Prom ends and a new vignette begins, this one a depiction of the high school house party, complete with red solo cups and empty bottles strewn everywhere.
Jill Beale, the "second or third most popular girl" in school, and her less important friend Sarah walk in, demanding to know where the party is. A truly dreamy guy named Sam tells them that the five people out back is, indeed, the party. Angry and guided by Snapchats of fun times from their friends, the girls storm out in pursuit of a better party. Unable to find the party in their phones, they promptly return to Sam whose party has already been raided and emptied by cops. Still, Jill and Sarah make Sam take duck-lip-booty-pop pictures of them for Snapchat, posting the best one with the caption "this party rocks!" When asked by Sam why they were lying about a party that clearly sucks, they respond matter-of-factly that "no one's gonna know it sucks if no one's here."
After Sarah passes out, Sam and Jill stay up late talking about how not one of Jill's 1,200 Facebook friends came to her dad's funeral and how Sam is not on any social media but somehow still manages to have a small circle of good friends. The two seem to have found balance and friendship in each other yet once morning comes, Jill tells Sam that he's not someone she can see herself associating with and leaves. I find myself annoyed, first with Jill for rejecting Sam, and then with the world because Sam is largely fictional.
Next begins the part of the story that was I found visually intriguing, but also emotionally depressing. Several actors dressed in clothing that I can describe only as Sexy Viking Chic march stiffly onto the stage. the screen above informs that they are characters in World of Warcraft, a role-playing computer game I know nothing about. Sharon, a fidgety teenager trying to figure out her life after high school sits by her computer behind the characters, wearing clothes designated for comfort and sadness.

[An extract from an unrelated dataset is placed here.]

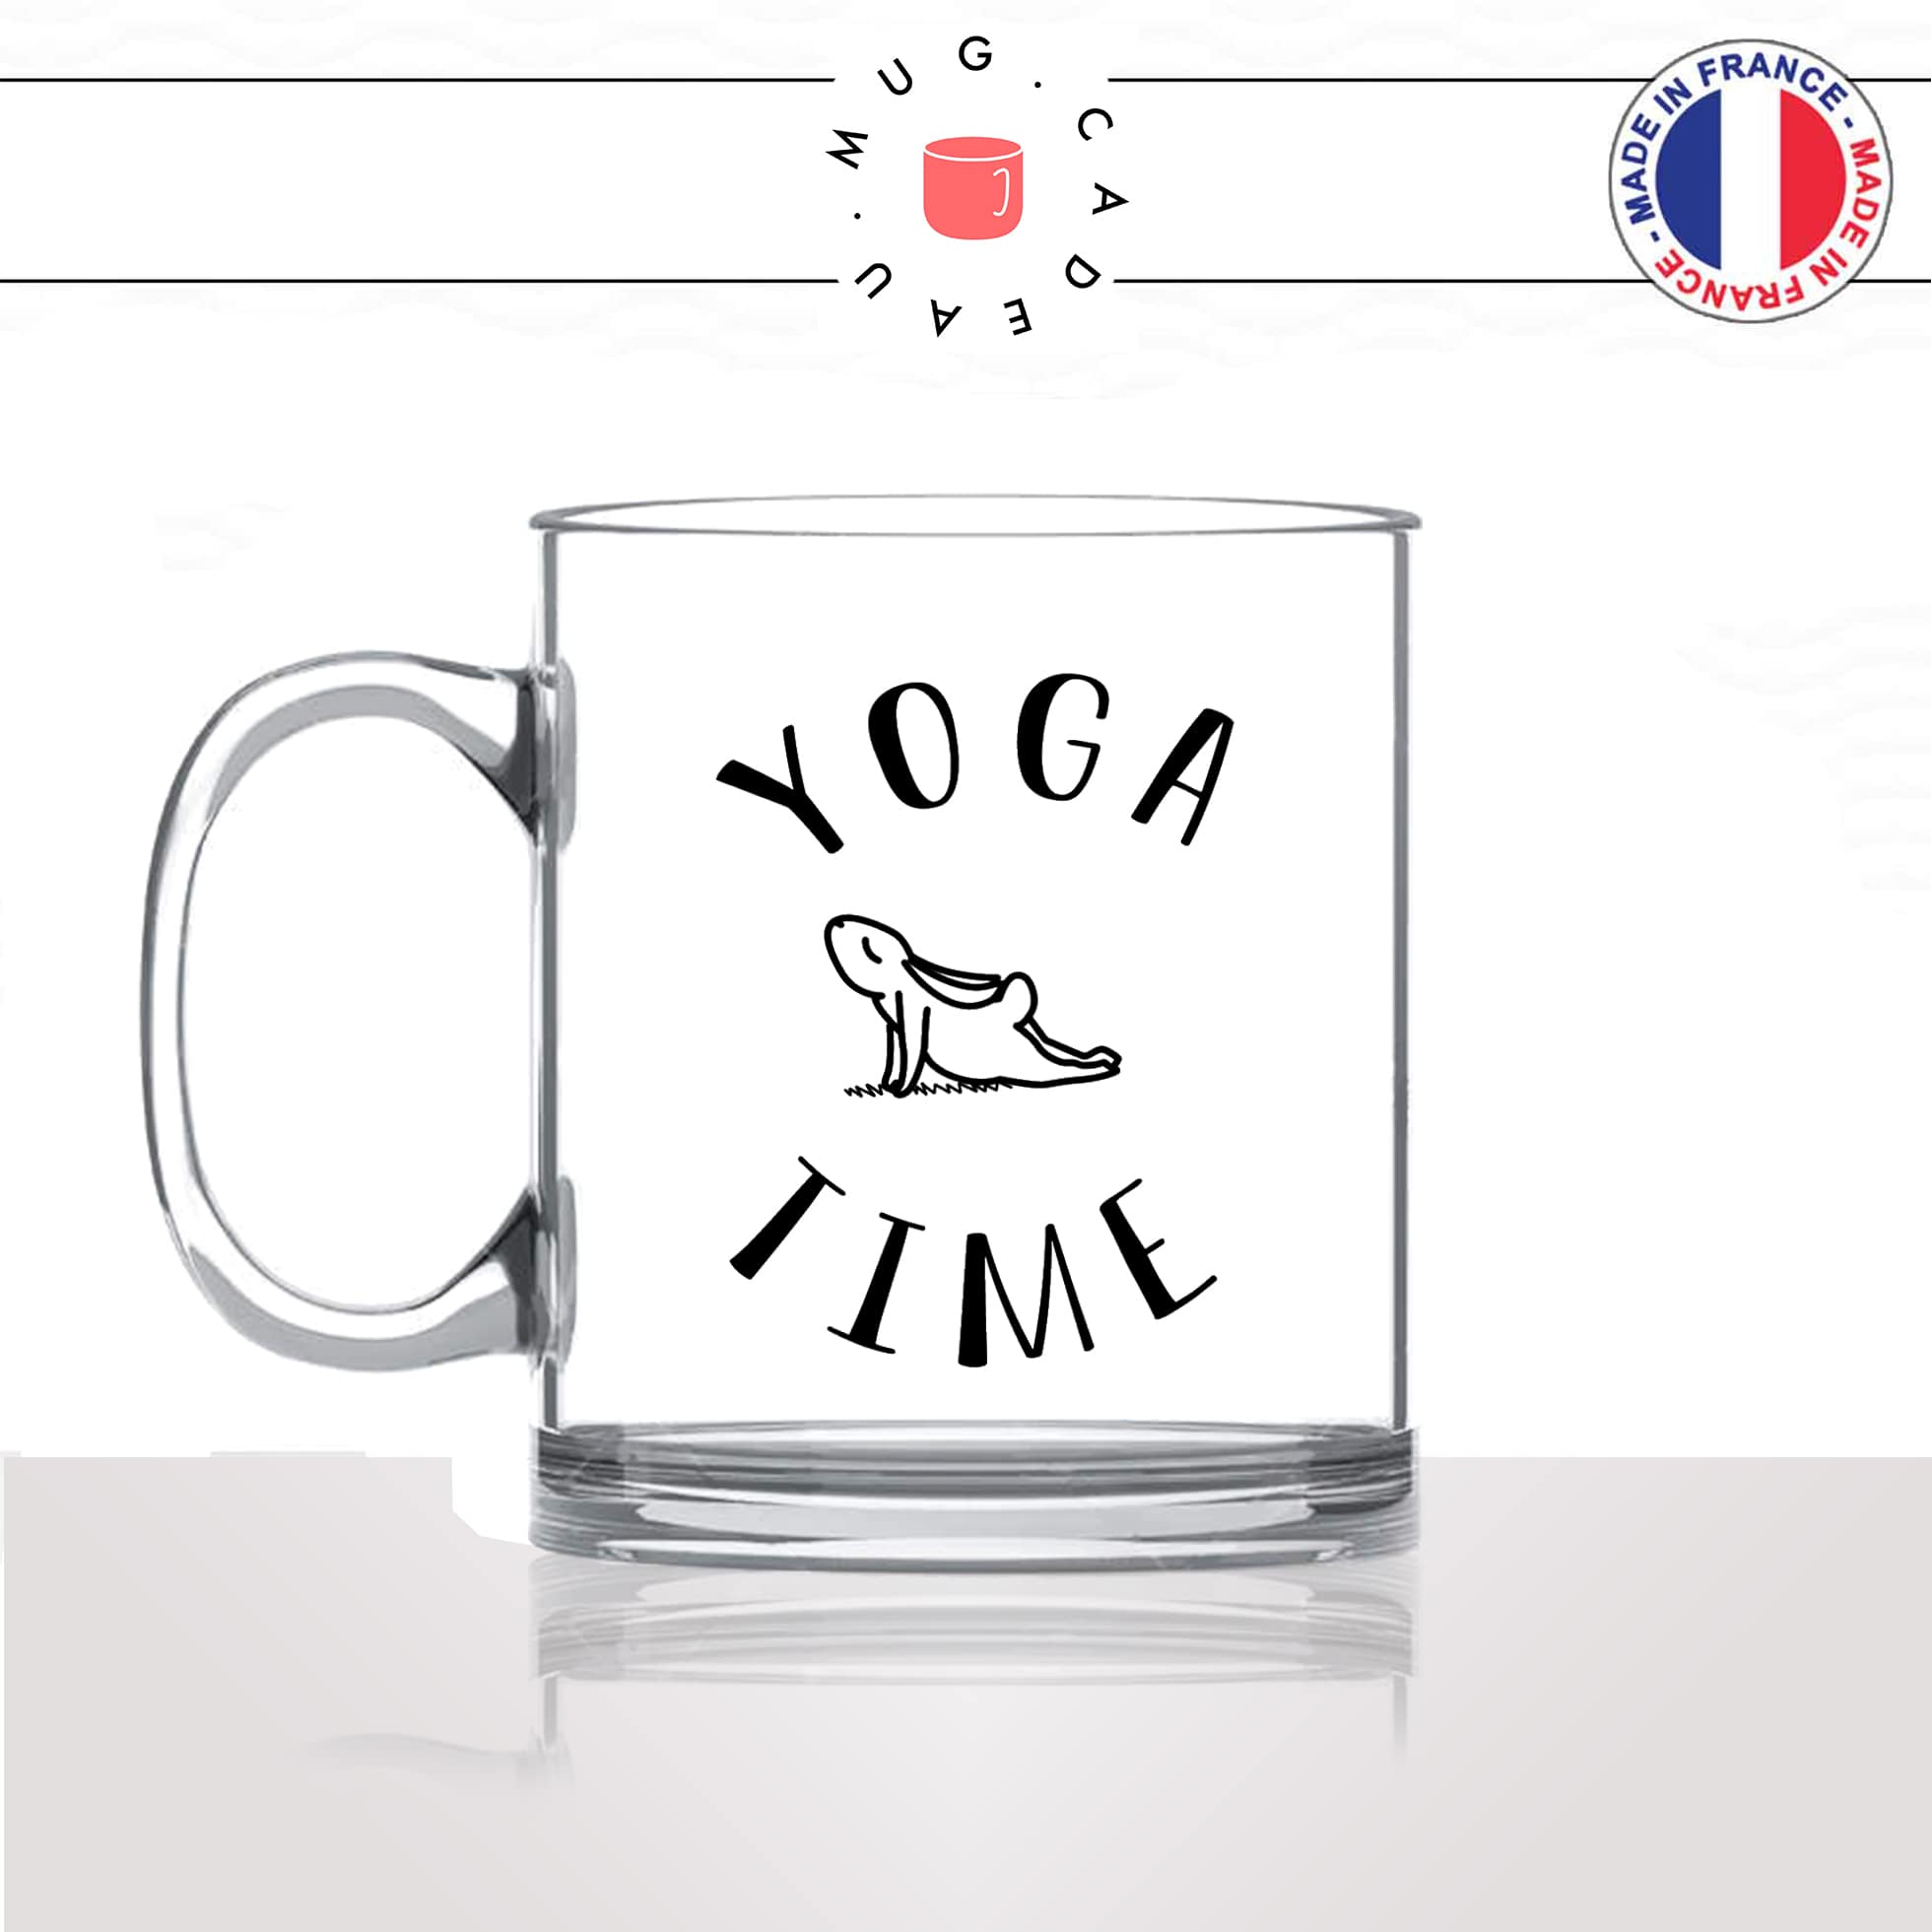 tasse-mug-en-verre-transparent-lapin-pose-yoga-time-sport-pilate-meditation-mignon-animal-noir-fun-café-thé-idée-cadeau-original-personnalisé-min

In contrast, played by the same classically beautiful actress that plays Jill Beale, Sharon's purple-haired Warcraft character flirts shyly with a male character. Very reluctantly Sharon agrees to meet up with the man behind the character IRL. This part I do know something about: talk to a man who make himself perfect to you through text, make yourself perfect to him through text, meet in person, watch it all fall apart, and go home wondering why you ever even tried.
But trying is the theme of the next and final vignette, which seems to grapple with modern-day loneliness from a different perspective. This time, an older woman sits alone on a bench, waiting for a date that isn't coming. Two teen boys spy on her from afar as one of them says, "If the bitch stood me up I'd be out in 15 minutes." The other boy does not say much, suffering from the guilt of catfishing his math teacher.
In the next moments the boy works up the courage to apologize to her, first indirectly then very directly. Having intimate knowledge of their mutual loneliness, he asks her out. She dismisses the proposal as "wildly inappropriate," somberly saying that good relationships are built over years of repeated togetherness, which is not a simple task. For a moment it looks like she's exhausted by the process enough to give it up. But then - the grand finale! - the boy makes her promise that she'll keep trying, that all you have to do is keep trying.
If this had been an actual dream this would be the moment when I wake up very disgruntled, possibly muttering obscenities. I sit through all of this high school bullshit and you tell me I just have to keep trying? Thanks for the advice, it is absolutely useless to me.